What's odd is, I can only hear the drive seeking sounds with one ear, while my other ear can't hear them at all. Same goes for if I press each ear to my laptop as a "what the heck?" test. Yet both ears can equally hear the fans. This is new. I guess I must need an ear cleaning treatment from shoving earplugs in every night until now, to be able to sleep in a room with base Roamios before 20.4.2.


----------



## HarperVision (May 14, 2007)

nooneuknow said:


> Anybody else notice that the fan now changes pitch in proportion to how "busy" to TiVo is? Software 20.4.2 made this instantly noticeable to me. I wanted to climb the walls when I pulled out three Premieres and a TiVo HD, and replaced them with just two continuously whiny jet-engine-like base Roamios, in a rather small bedroom. In other threads there's always been argument over which was more annoying, the hard drive, or the fan, with more being annoyed by hard drive seeking noises, than the fan. For me, I couldn't even hear the hard drives over the fans, until 20.4.2. Now I don't hear the fans, unless the TiVo is very "busy". What's odd is, I can only hear the drive seeking sounds with one ear, while my other ear can't hear them at all. Same goes for if I press each ear to my laptop as a "what the heck?" test. Yet both ears can equally hear the fans. This is new. I guess I must need an ear cleaning treatment from shoving earplugs in every night until now, to be able to sleep in a room with base Roamios before 20.4.2.


That's why they make TiVo Minis!


----------



## nooneuknow (Feb 5, 2011)

HarperVision said:


> That's why they make TiVo Minis!


I wouldn't use a Mini with even your remote. 

No thanks. I need multiple full-function TiVos to insure I get my recordings. I just had a random 3:21 AM reboot, which is why I'm on here right now. I also have to contend with some Roamios (or hard drives) that don't like being more than 50% - 60% full... 

To me, a Mini is just a middle managing remote control in the chain, that I'd have to pay for the hardware, another sub, and deal with "TiVo doesn't support switches" BS, when they can't communicate. I want my TiVos where I can see when they flake out, reboot, etc. I know what they have to offer, but the silence isn't worth it, to me.


----------



## Speed103 (Jul 27, 2014)

dianebrat said:


> Keep in mind that since it schedules recordings in advance, including suggestions, that anything it had in place before you removed the SD channels would still have been recorded.
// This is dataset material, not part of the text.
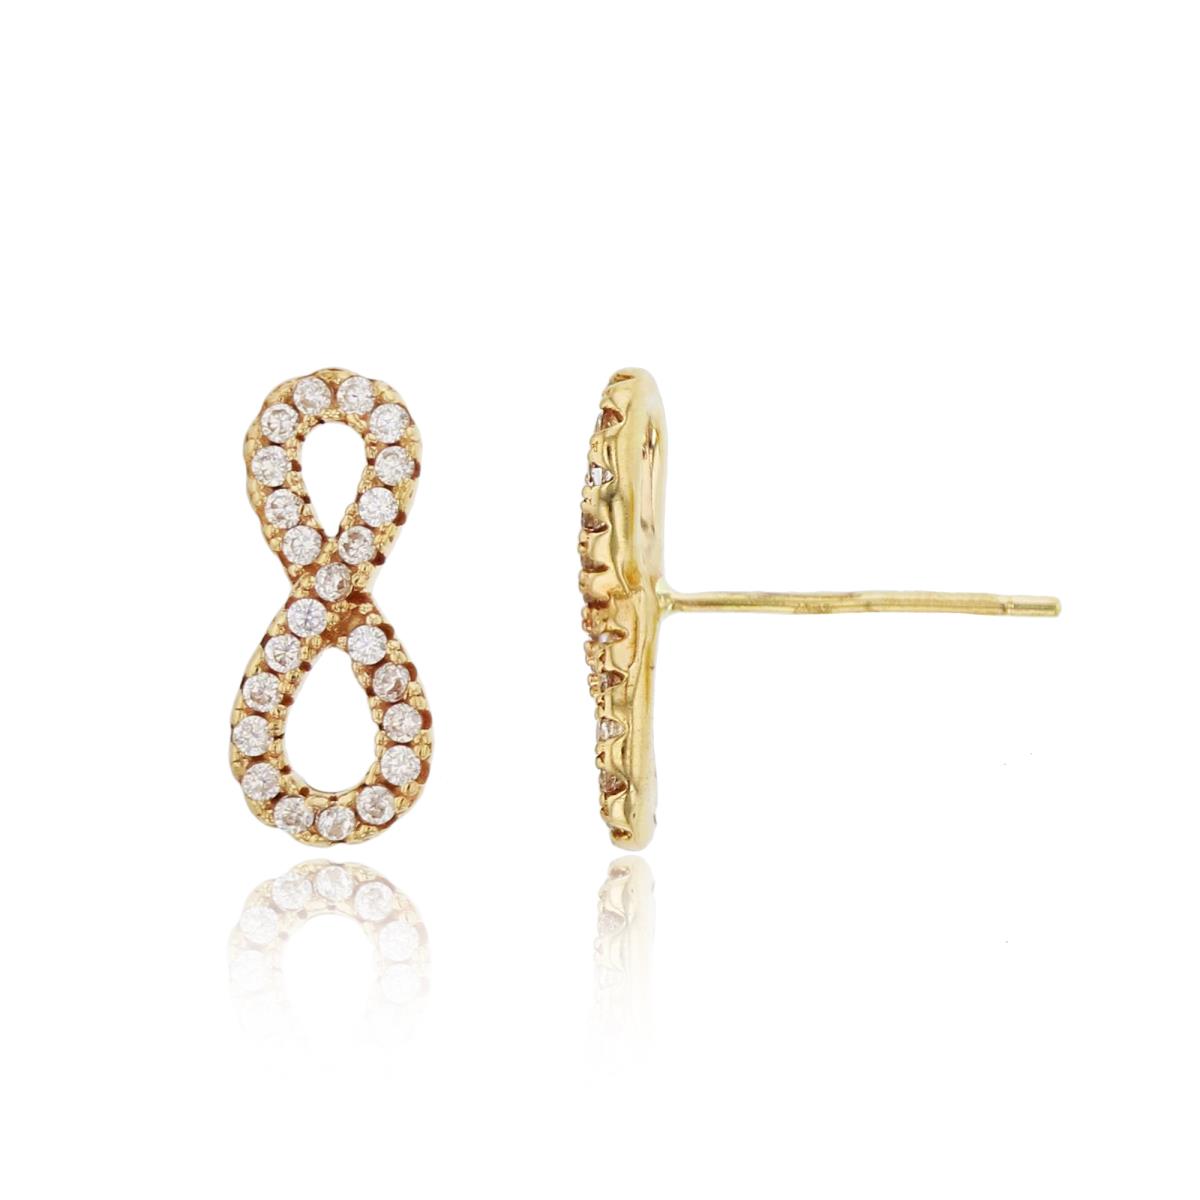 10K Yellow Gold Micropave Infinity Stud Earring (No Back)

That's probably what it is. I guess I assumed it was looking for shows as timeslots came up to record, instead of looking ahead a little while. That would explain why it was still recording only the SD channels for a few days until it caught up with the suggestions that were based on my changed channel lineup. I stumbled upon a list of suggestions in the menu yesterday and wasn't sure if it was the actual list of what it's going to record or just a list of suggestions for me to record.


----------



## Speed103 (Jul 27, 2014)

nooneuknow said:


> Anybody else notice that the fan now changes pitch in proportion to how "busy" to TiVo is? Software 20.4.2 made this instantly noticeable to me.
> 
> I wanted to climb the walls when I pulled out three Premieres *and* a TiVo HD, and replaced them with just two continuously whiny jet-engine-like base Roamios, in a rather small bedroom.
> 
> ...


I don't hear mine changing speed, it's always a constant noise coming from the fan. I have very sensitive hearing (as confirmed by an audiologist) and that constant whine sounds the same to me with my ear right by the unit as it does in certain places in my living room. It probably doesn't help that we have laminate floors so sound doesn't have trouble traveling in my living room. I have my Cox Motorola DVR in my bedroom and it doesn't bother me at all. If I had this Roamio in my bedroom it would drive me nuts. Sounds like your fans might be louder than mine. Do they make the same noise as the mp3 I uploaded?


----------



## FitzAusTex (May 7, 2014)

Speed103 said:


> Thanks for the reply. I was thinking that the most I should hear is a "normal" fan noise, which doesn't sound like a higher pitched whining noise. When you do put your ear up to the Roamio, does it have a faint whining noise or does it just sound like moving air? I don't mind a little noise, but it's the pitch of this noise that's aggravating me.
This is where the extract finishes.